Morale de la (des) crise(s)

Morale de la (des) crise(s)

La crise sanitaire qui touche actuellement l’ensemble de l’humanité (ou peu s’en faut) suscite bien évidemment de nombreuses réflexions et analyses. En toute humilité et en toute empathie envers celles et ceux qui souffrent à quel titre que ce soit de la crise actuelle, voici une petite contribution à ce travail de réflexion. Avec pour seule ambition de tirer d’éventuels enseignements pour la gestion d’autres crises, d’autres défis.

Comment un groupe humain fait-il face à une menace grave et avérée – qu’il s’agisse d’une situation de crise (entendue comme un phénomène rapide et de grande ampleur) ou d’un phénomène plus lent, plus insidieux ou moins directement perceptible ? La manière de faire face dépend évidemment de la nature de la menace. Il est dès lors délicat de comparer la gestion d’une crise sanitaire à celle d’un problème environnemental (effondrement de la biodiversité, bouleversements climatiques, …) ou social (paupérisation, migrations, …). Il semble néanmoins possible de dégager quelques éléments de réflexion qui pourraient s’avérer utiles à celles et ceux dont l’action vise à ce que tous les membres de la communauté humaine présents et à venir puissent vivre sur une planète préservée, dans un environnement propice à une vie décente et sereine.

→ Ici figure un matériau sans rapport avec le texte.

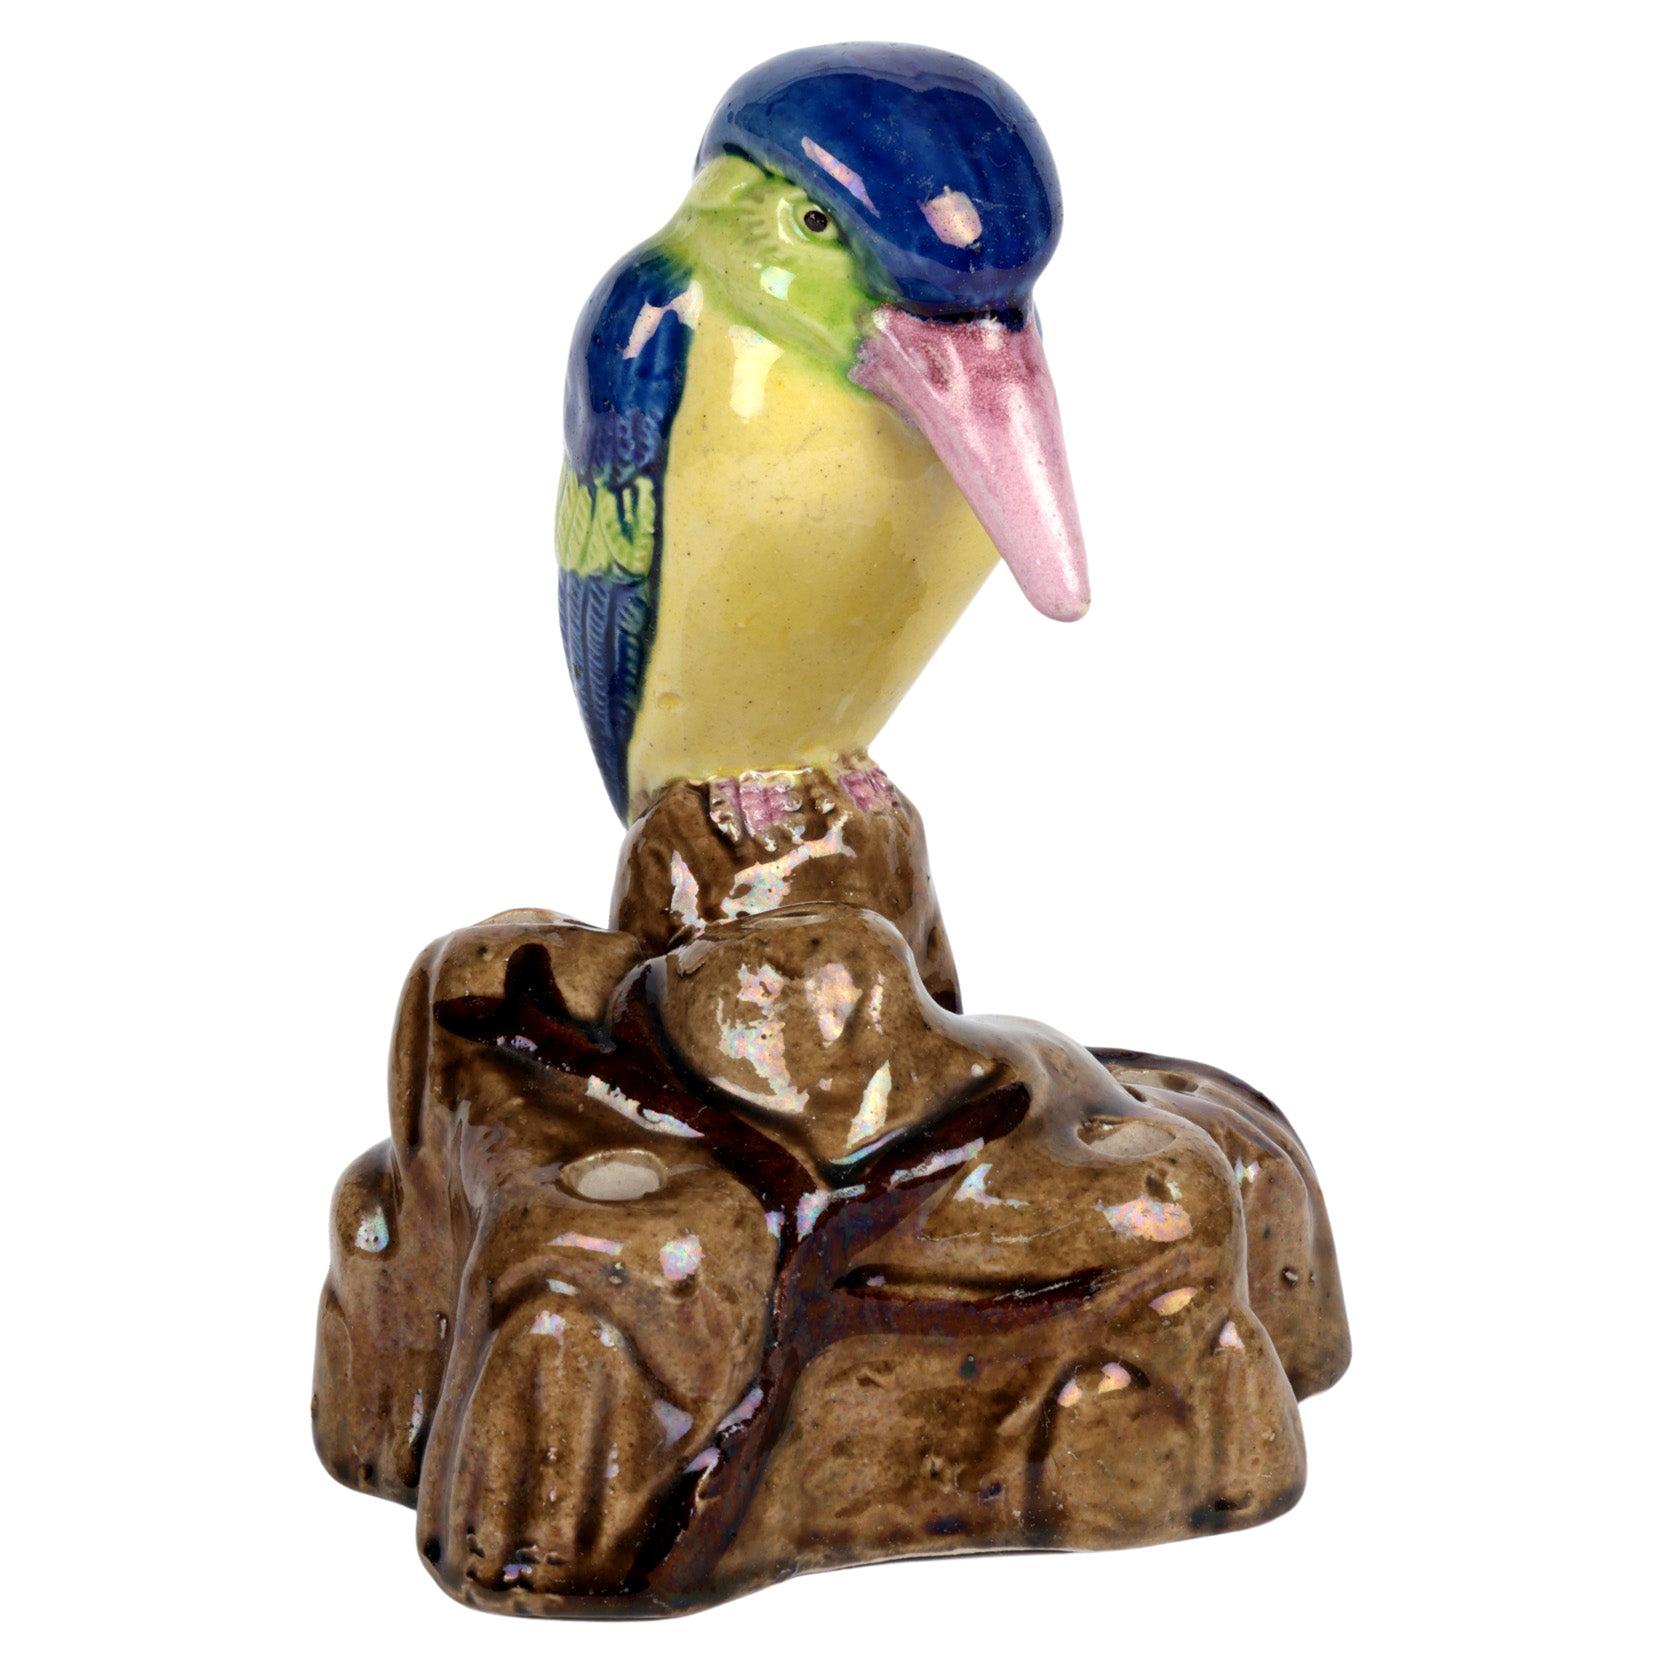 Japanese Banko Ware Art Deco Crested Bird Mounted Pottery Hatpin Holder For Sale

Face à la pandémie de coronavirus qui s’est progressivement répandue sur tous les continents au cours du premier semestre 2020, de très nombreux Etats ont prouvé que gérer une crise grave en déployant des moyens réputés inutilisables est possible, même en démocratie. La qualité de la gestion dépend bien évidemment de nombreux paramètres, dont quelques-uns apparaissent déterminants : la faculté à prendre la mesure de la gravité de la situation, la rapidité de cette prise de conscience et de la réaction qui s’ensuit, l’adoption de mesures proportionnées.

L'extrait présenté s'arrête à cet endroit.